Baring & Willing v. Moore

| New York Court of Chancery | Jul 16, 1833

The Chancellor.

As the payment of the judgment due to Knower was provided for in the order which was made upon the argument of this motion, it is only necessary to refer to his rights so far as to say I am satisfied that the assignment to him of Whitney’s bond and mortgage, although absolute, was only intended as a security for the payment of that judgment; by having the amount of the Whitney debt applied towards the satisfaction of the mortgage to the complainants, so as to give Knower the benefit of the lien of his judgment on lot No. 13, discharged of the complainants’ mortgage to that extent. And that order having also provided for the payment by Whitney of the whole of his mortgage, except so much as had been arranged between him and Moore before the recovery of any of the judgments subsequent to that of Knower, the only question now to be disposed of is, as to the disposition of the surplus proceeds of the sale of lot number 13. The Mathers, or rather Whitney through them, he having paid their debt, claims the amount of such surplus as the substitute for Whitney’s bond and mortgage, which was assigned *168to the Mathers in July, 1832. And the defendant Whipple! as the holder of the oldest judgment, which is a lien on the last mentioned lot, claims that he had a right to have Whitney’s debt applied to the complainants’ mortgage, in exoneration of lot No. 13, on which he had such lien. As this was a contest among creditors to obtain satisfaction of pre-existing demands, and with full knowledge of all the facts on which their several equitable rights depended, none of them are to be considered in the light of bona fide purchasers without notice. It is, therefore, a question of priority of equities.
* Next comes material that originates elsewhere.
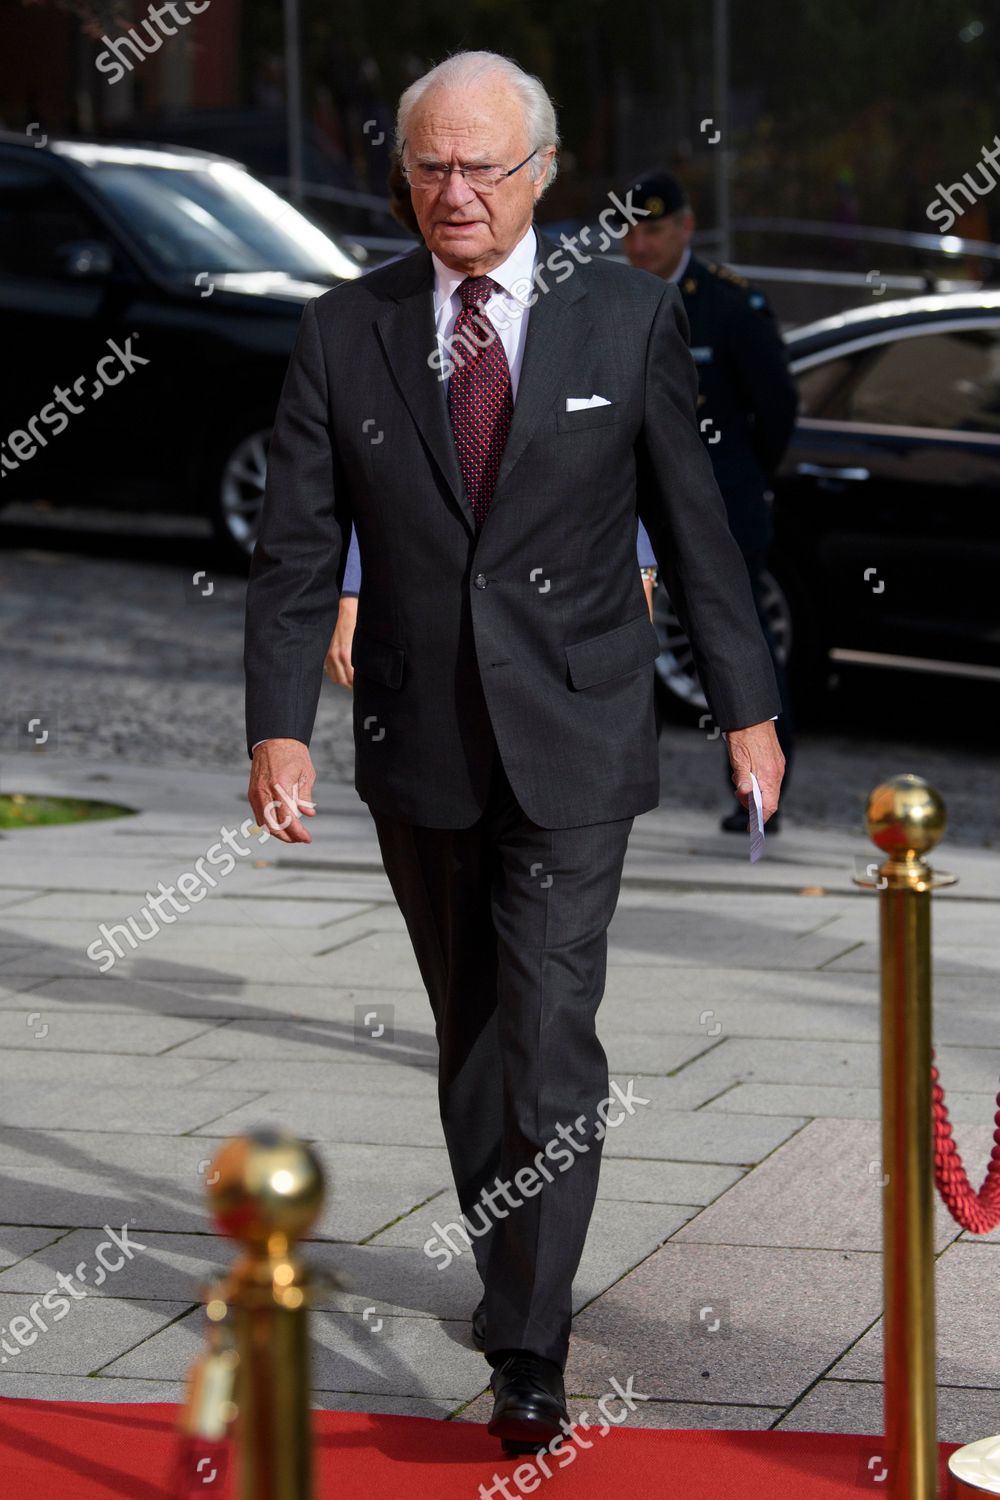 king-carl-gustaf-and-queen-silvia-visit-stockholm-county-sweden-shutterstock-editorial-10952012c.jpg

By the terms of the mortgage from Whitney to Moore, the purchase money of lot No. 12 was to be paid directly to the complainants, in part satisfaction of their mortgage. This was a specific appropriation of the fund for that object; and a subsequent purchaser or encumbrancer of lot No. 13, would have an equitable right to insist that it should be thus applied, unless some new agreement was made between Whitney and Moore, or there had been some- new disposition made of the • funds, before that equitable right accrued. Such a new disposition was made of so much of the fund as was necessary to meet the advances made by Whitney; which have already been provided for in the former order. As to the residue of Whitney’s mortgage, the specific appropriation thereof remained in full force at the time Whipple’s equity arose by the docketing of the judgment which gave him a lien upon No. 13. Having then acquired an equitable right to have the Whitney debt applied in part payment of the complainants’ mortgage, which was a prior lien on the same lot, it was not competent for Moore to make an agreement with a junior judgment creditor to apply the fund in a different manner, and so as to destroy or impair that right. The residue of the fund must therefore be applied in satisfaction of the judgments docketed prior to the 24th of July, 1832, according to priority; the petitioners taxed costs, on this application, being first paid out of such surplus. If there is a dispute as to the time of docketing any of the judgments, so as to render such a proceeding necessary, there must be a reference to a master to ascertain the facts.